Bank dapat meraup talenta dari pesaing Tiongkok. Tetapi ada satu ton ranjau darat di sana. 

Wall Street cenderung memiliki ingatan yang sangat singkat, jadi mari kita berjalan di jalur memori.

Pada tahun 2018, UBS menerima pengantar cepat mengenai bagaimana Beijing menjalankan bisnis. 

Seorang bankir UBS dalam perjalanan bisnis ke Tiongkok dilarang oleh pihak berwenang untuk meninggalkan Tiongkok. Staf dikurung dan diinterogasi sekitar 24 jam.

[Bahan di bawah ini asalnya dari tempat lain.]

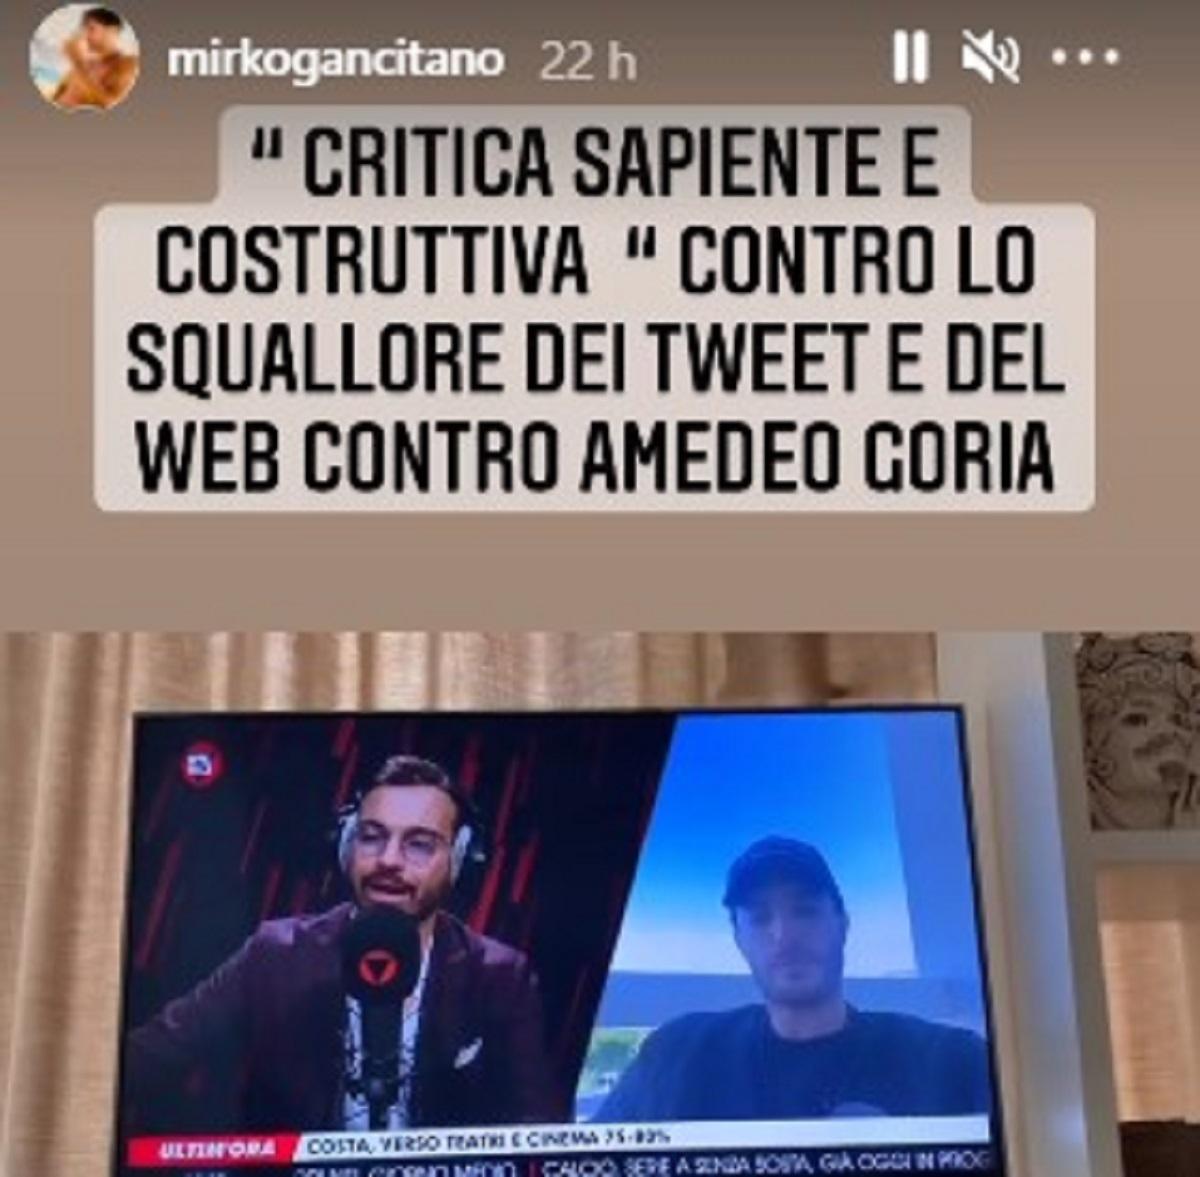 Amedeo Goria GF Vip 6 difesa fidanzato Guenda Mirko Gancitano

Pada tahun 2016, JPMorgan Chase membayar hampir 300 juta dolar AS untuk menyelesaikan penyelidikan Komisi Sekuritas dan Bursa Amerika Serikat dalam mempekerjakan anak-anak dari pejabat dan eksekutif Tiongkok yang terhubung dengan baik. 

Skandal “pangeran”, seperti yang disebut, adalah memalukan bagi JPMorgan dan bank global lainnya yang menjalankan skema serupa dengan harapan mendapatkan dukungan dari pejabat setempat.

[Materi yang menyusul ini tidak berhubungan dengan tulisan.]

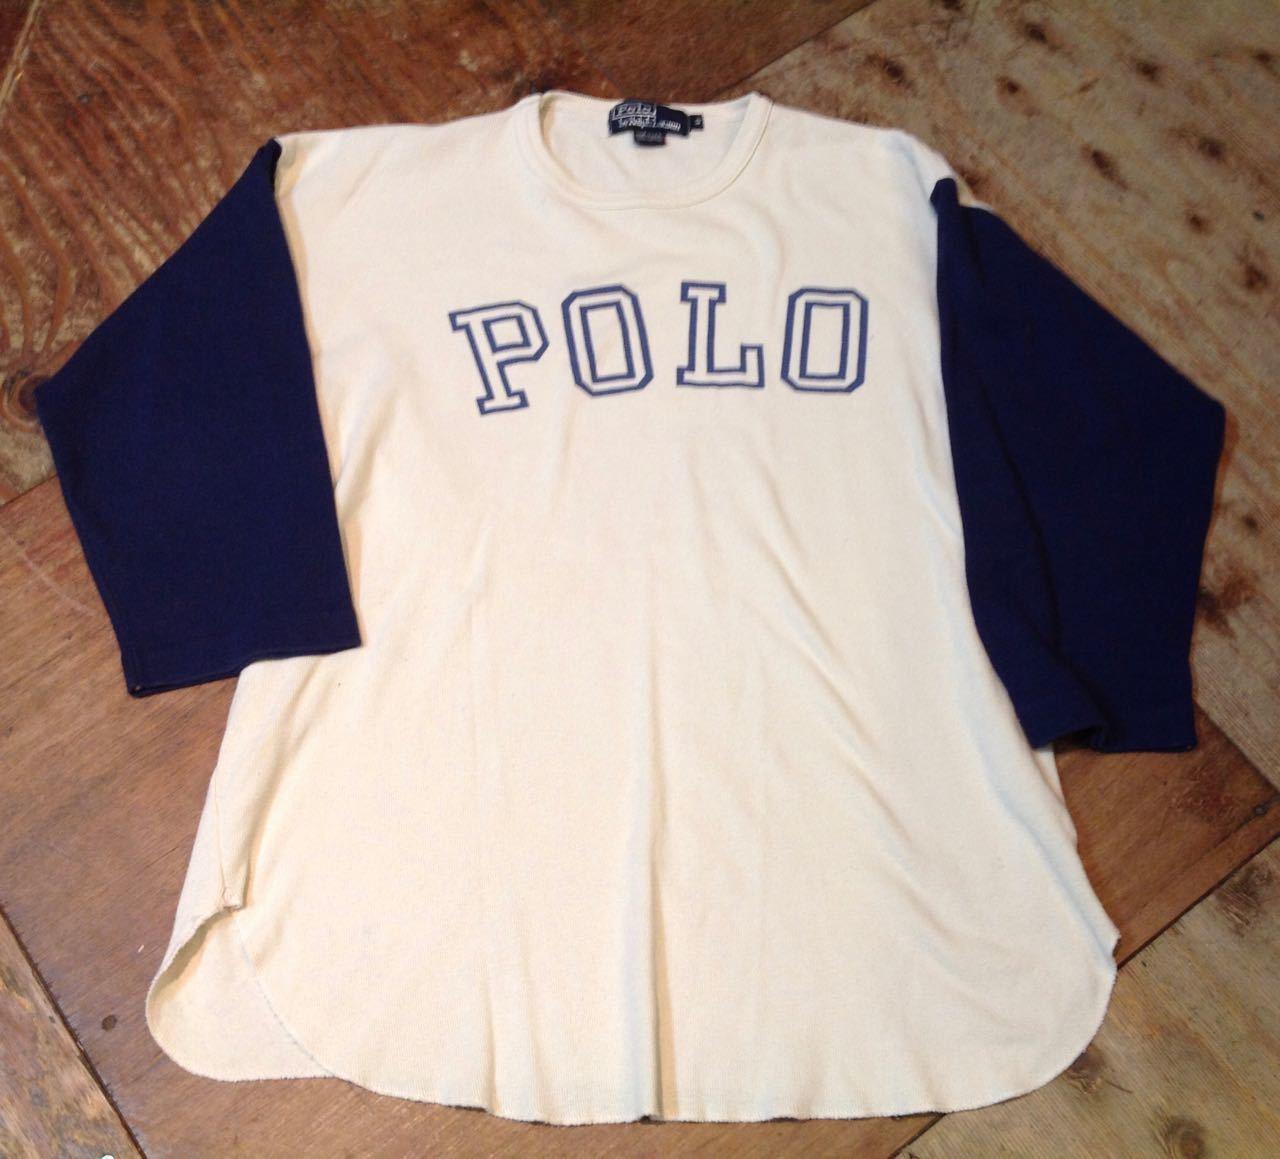 3月28日(土)入荷! 80s 〜Made in U.S.A Polo RalphLauren ロングスリーブTシャツ!_c0144020_14415334.jpg

Saat bersiap memperluas kehadirannya di Tiongkok, bank-bank internasional juga harus siap untuk berpotensi membahayakan kebijakan bisnis yang ada. Mari kita periksa beberapa contoh.

Pemimpin Komunis Tiongkok Xi Jinping semakin mempromosikan strategi yang disebut “fusi sipil-militer.” 

Pada dasarnya, ini adalah strategi untuk mempercepat Tiongkok menjadi negara adikuasa global dengan menggabungkan inovasi industri sipil dengan militer Tiongkok. 

Dalam praktiknya, ini berarti bahwa setiap perusahaan yang berdomisili di Tiongkok dapat dipanggil untuk memberikan informasi atau membantu Tentara Pembebasan Rakyat.


“Tiongkok secara eksplisit memperkuat hubungan dewan perusahaan dengan Partai Komunis Tiongkok,” kata Nazak Nikakhtar, asisten sekretaris industri dan analisis, Departemen Perdagangan Amerika Serikat, Administrasi Perdagangan Internasional, selama kesaksian pada tanggal 23 Januari di depan Komisi Tinjauan Ekonomi dan Keamanan Amerika Serikat-Tiongkok di Washington. 

Nazak Nikakhtar merujuk pada Komunis Tiongkok yang semakin menyerukan perusahaan – termasuk perusahaan milik asing – untuk mendukung pembentukan komite partai dan sel Partai Komunis Tiongkok di dalam kantor perusahaan. 

Hukum Perusahaan Tiongkok, yang berlaku untuk perusahaan Tiongkok milik negara dan milik asing, mengacu pada organisasi Partai Komunis Tiongkok tetapi tidak mendefinisikan perannya. 

Tetapi sel-sel seperti itu dapat memengaruhi pengambilan keputusan perusahaan dan secara tidak langsung dapat memberikan “pengawasan” Partai Komunis Tiongkok terhadap perusahaan. 

Sebagai contoh, birokrat Beijing, melalui sel-sel Partai Komunis Tiongkok, dapat memaksa bank untuk memberikan pinjaman kepada perusahaan milik negara atau swasta Tiongkok terlepas dari kemampuan ekonomi bank tersebut. 

Kegiatan semacam itu pasti akan bertentangan dengan kepentingan keamanan atau politik nasional Amerika Serikat (dan Eropa), dan jangan sampai masuk ke banyak sekali pelanggaran tata kelola perusahaan. 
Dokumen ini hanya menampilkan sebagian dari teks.